What is expected — Could you output each line below exactly as it appears, excluding any pictures?

Data —

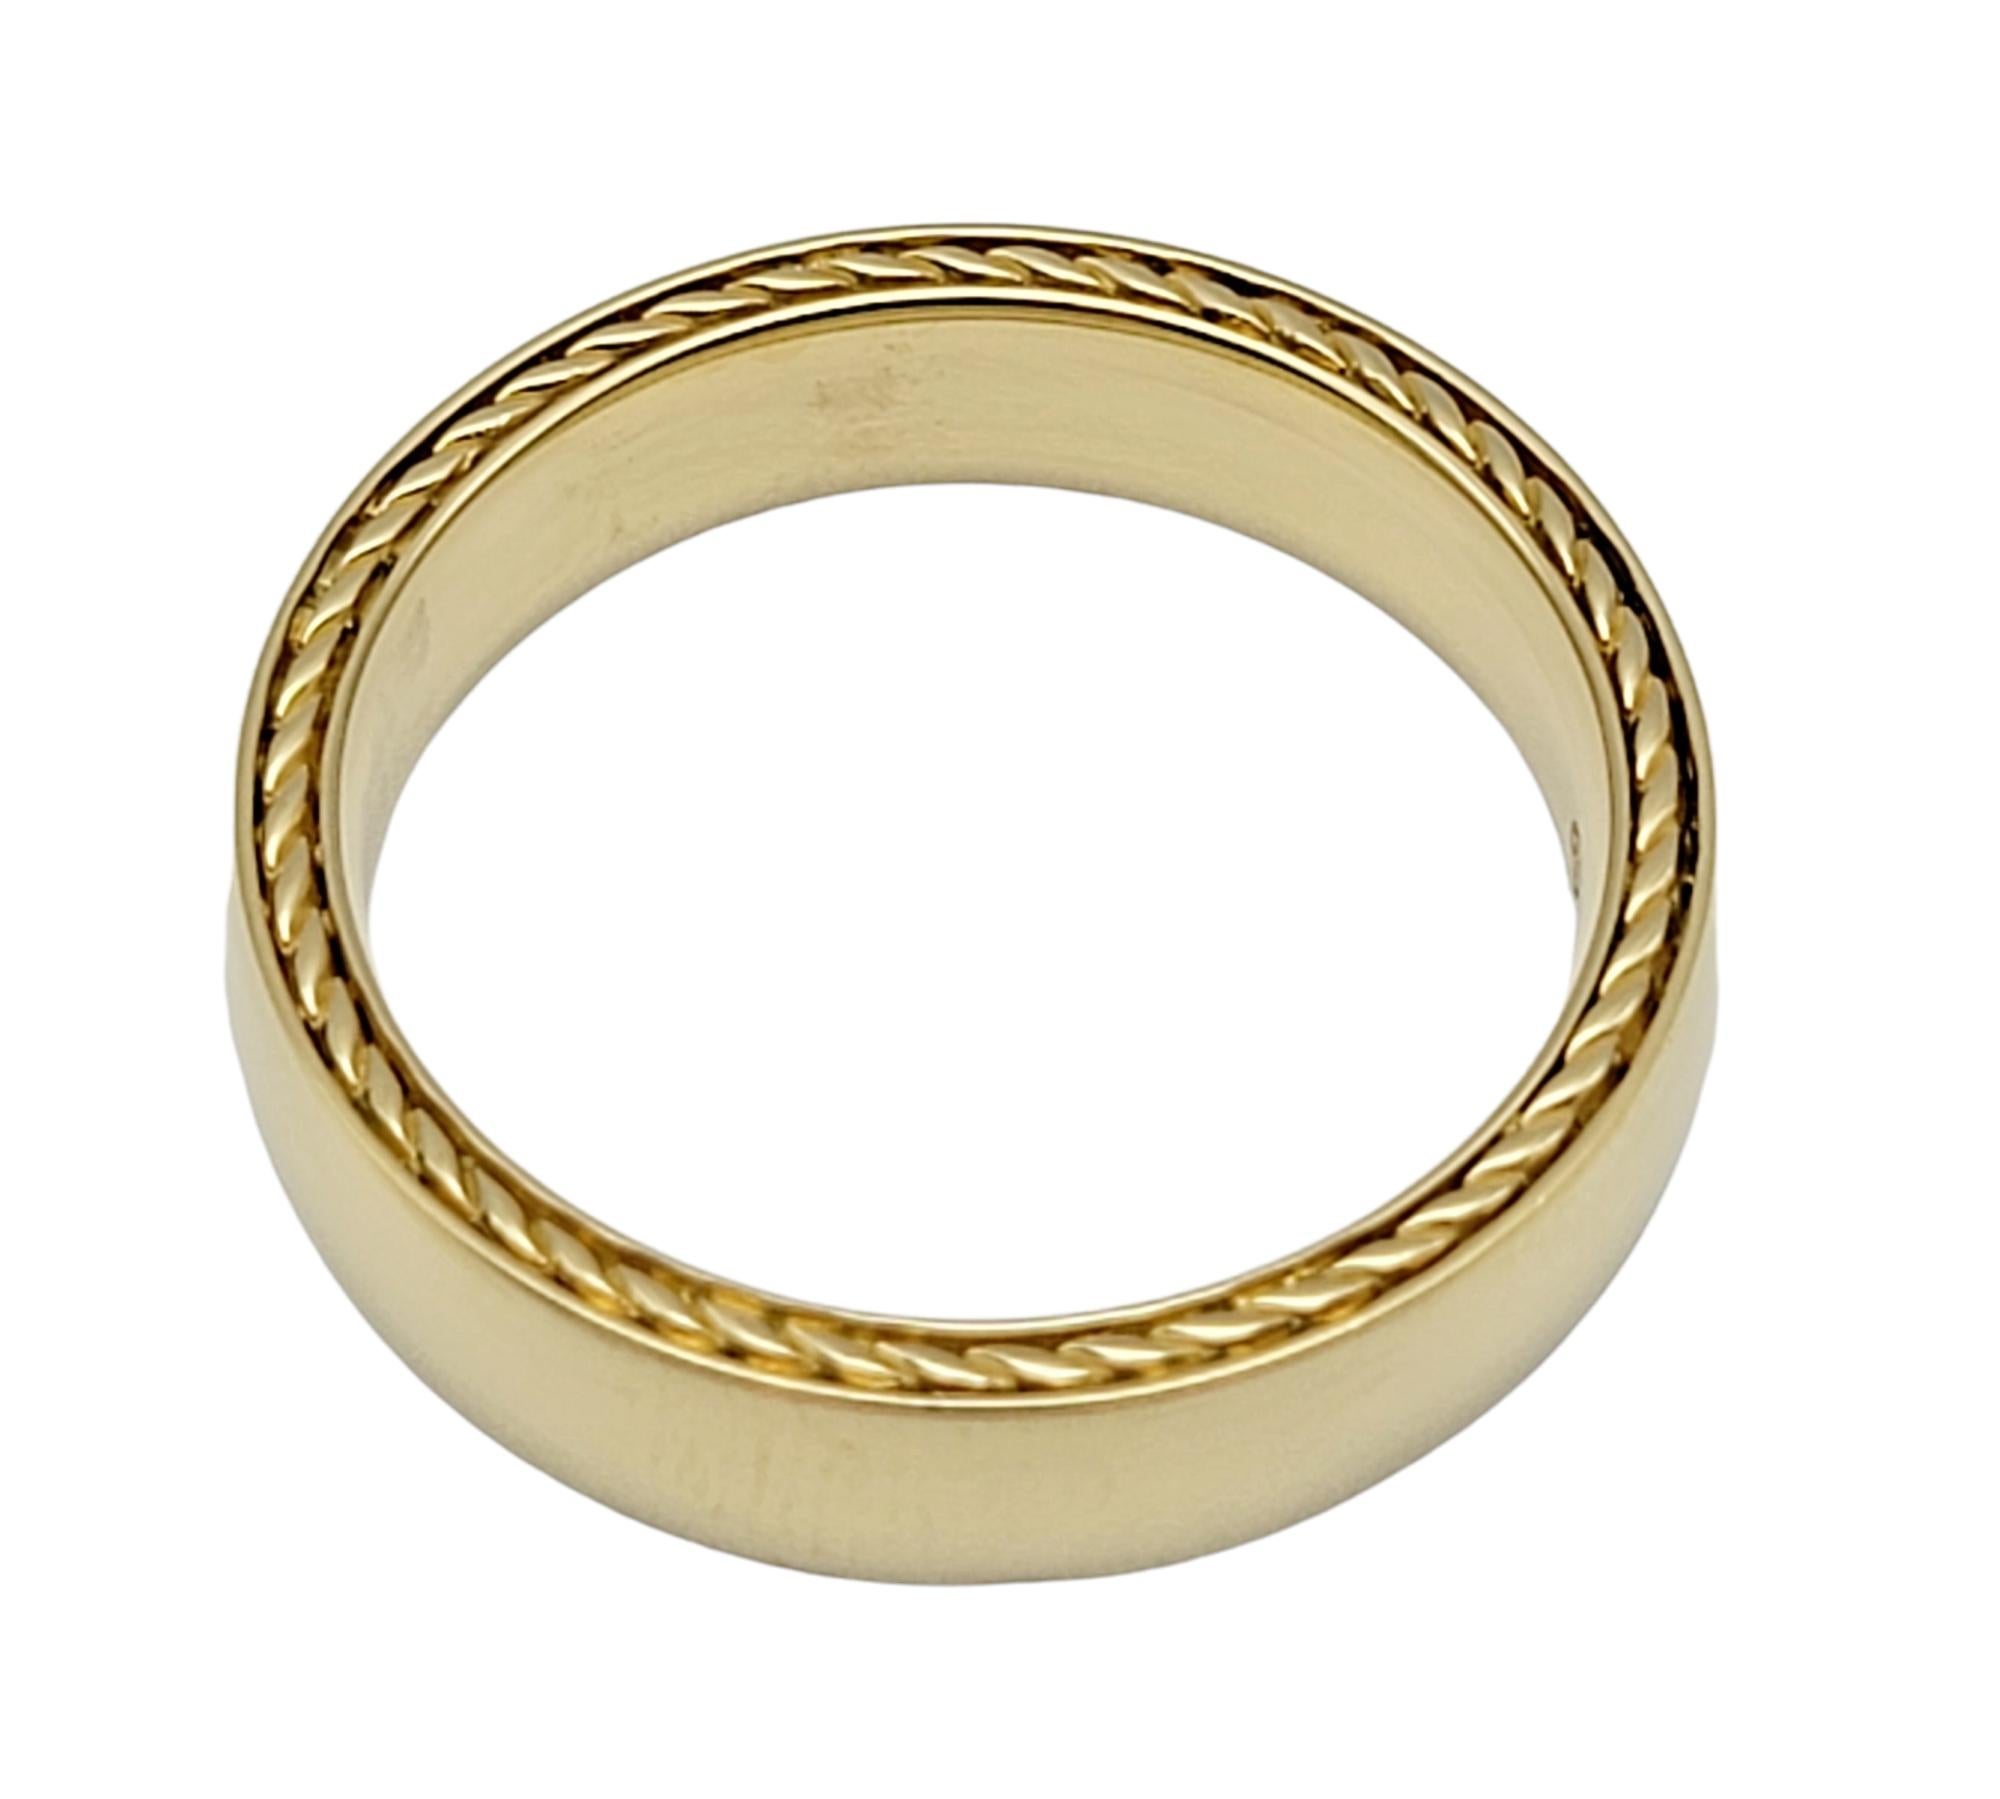 Contemporary David Yurman Mens Polished 18 Karat Yellow Gold Band Ring with Cable Trim
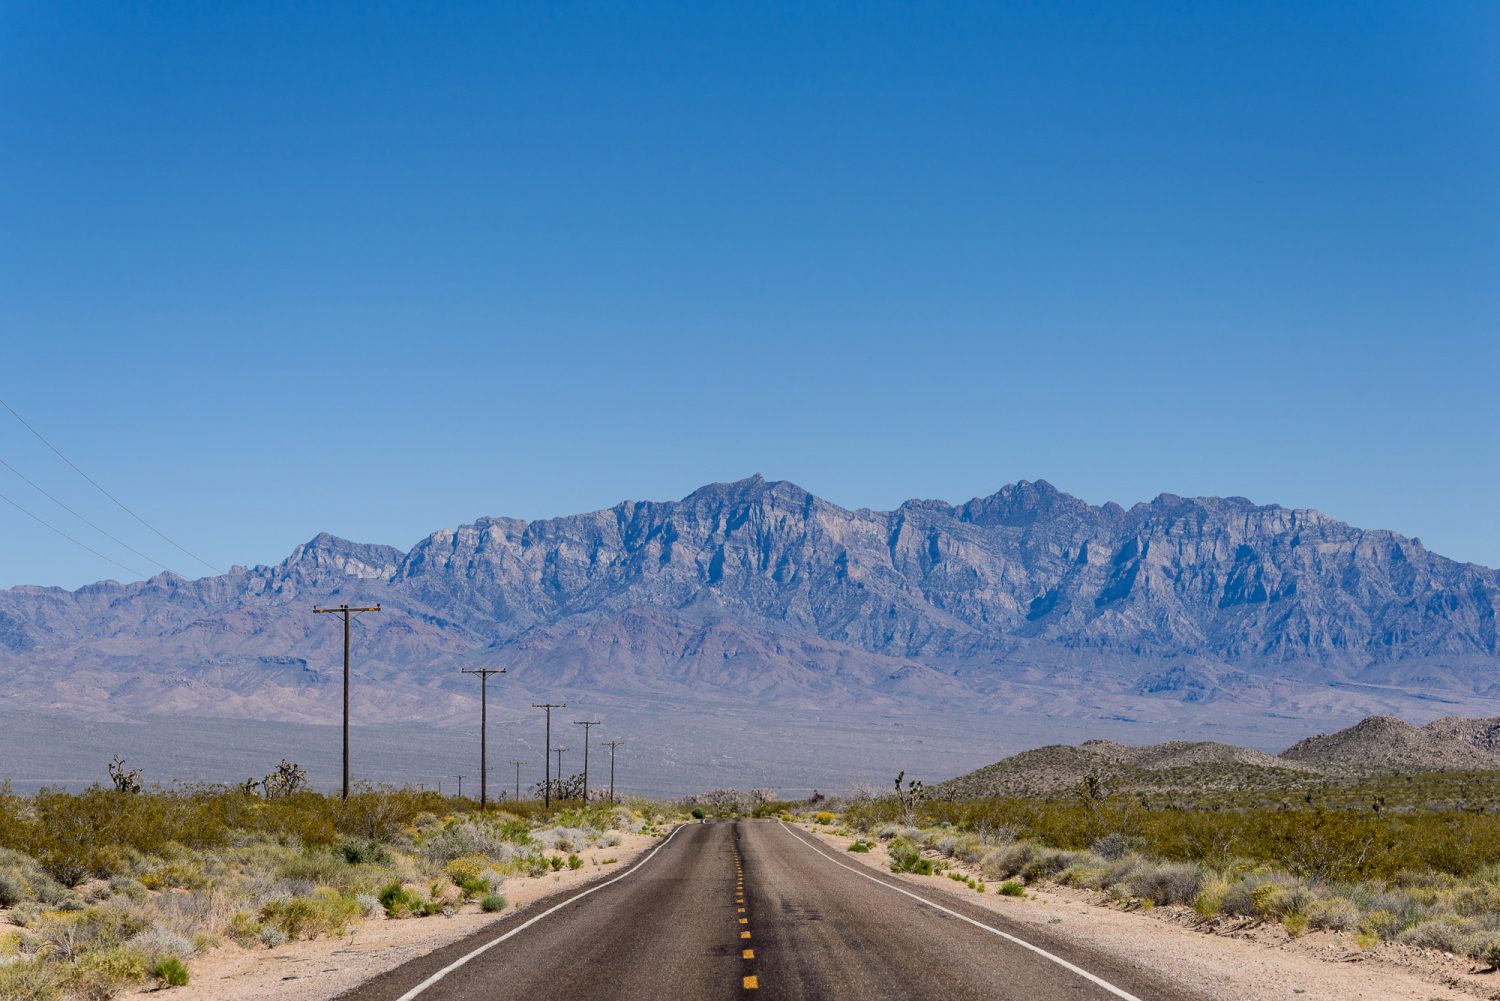 Desolate road in the Mojave Desert
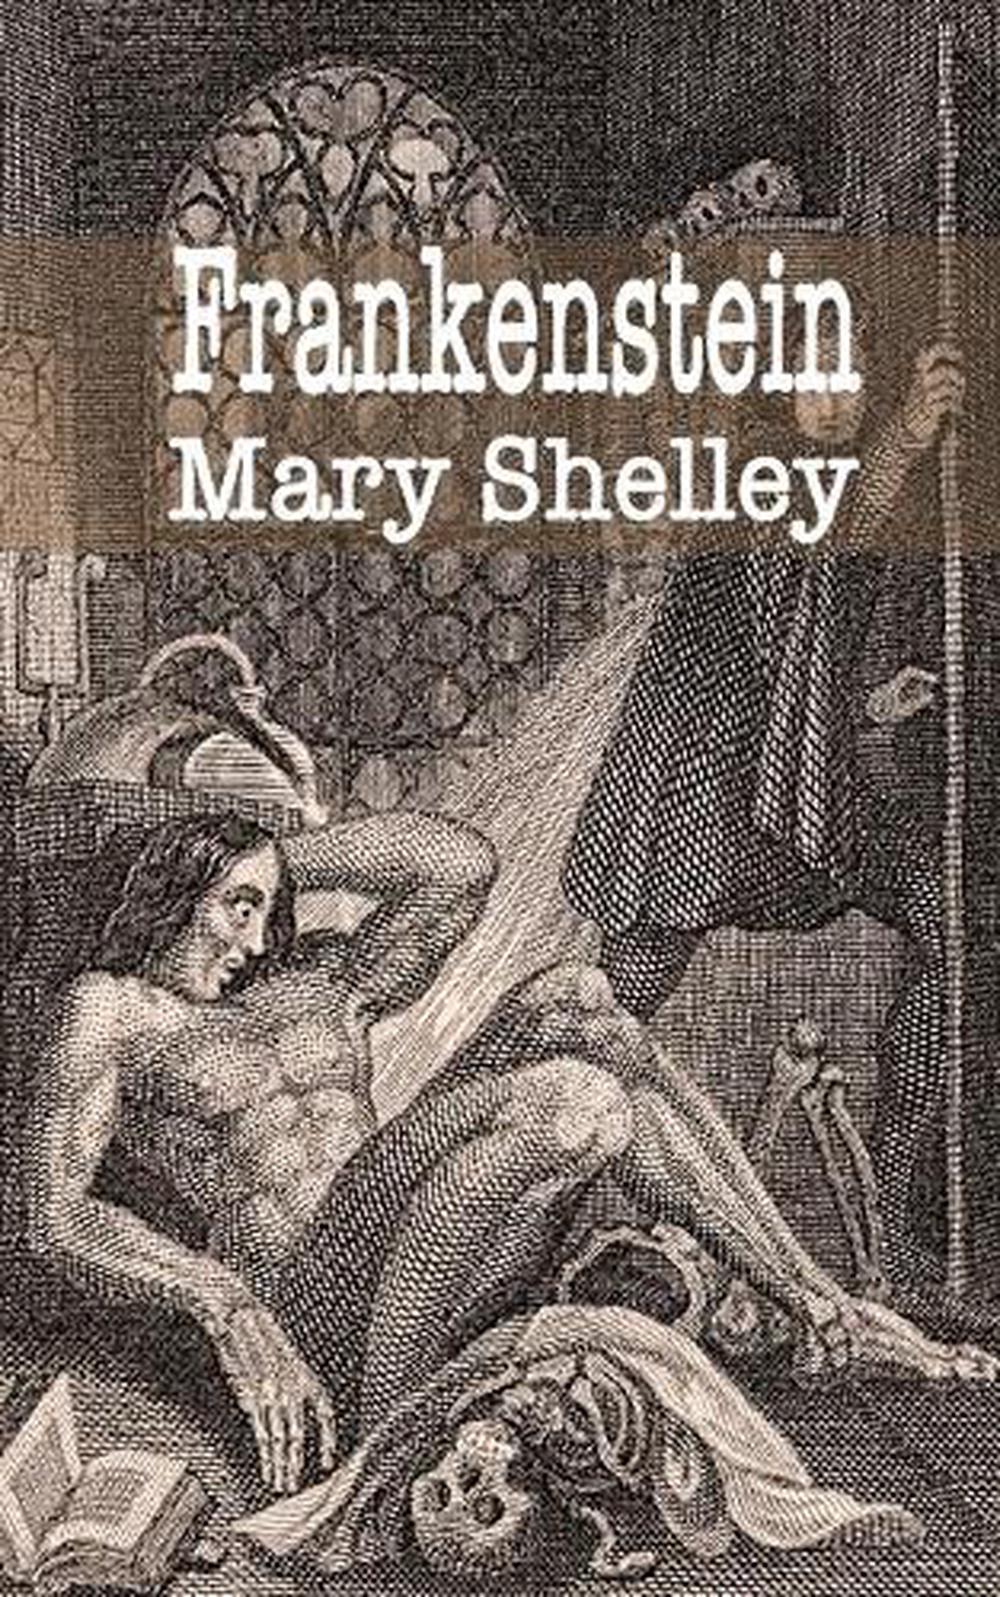 Frankenstein, or the Modern Prometheus. [By M. W. Shelley.] by Mary Wollstonecraft Shelley

Result for this task —
 Contemporary David Yurman Mens Polished 18 Karat Yellow Gold Band Ring with Cable Trim
 Desolate road in the Mojave Desert
 Frankenstein, or the Modern Prometheus. [By M. W. Shelley.] by Mary Wollstonecraft Shelley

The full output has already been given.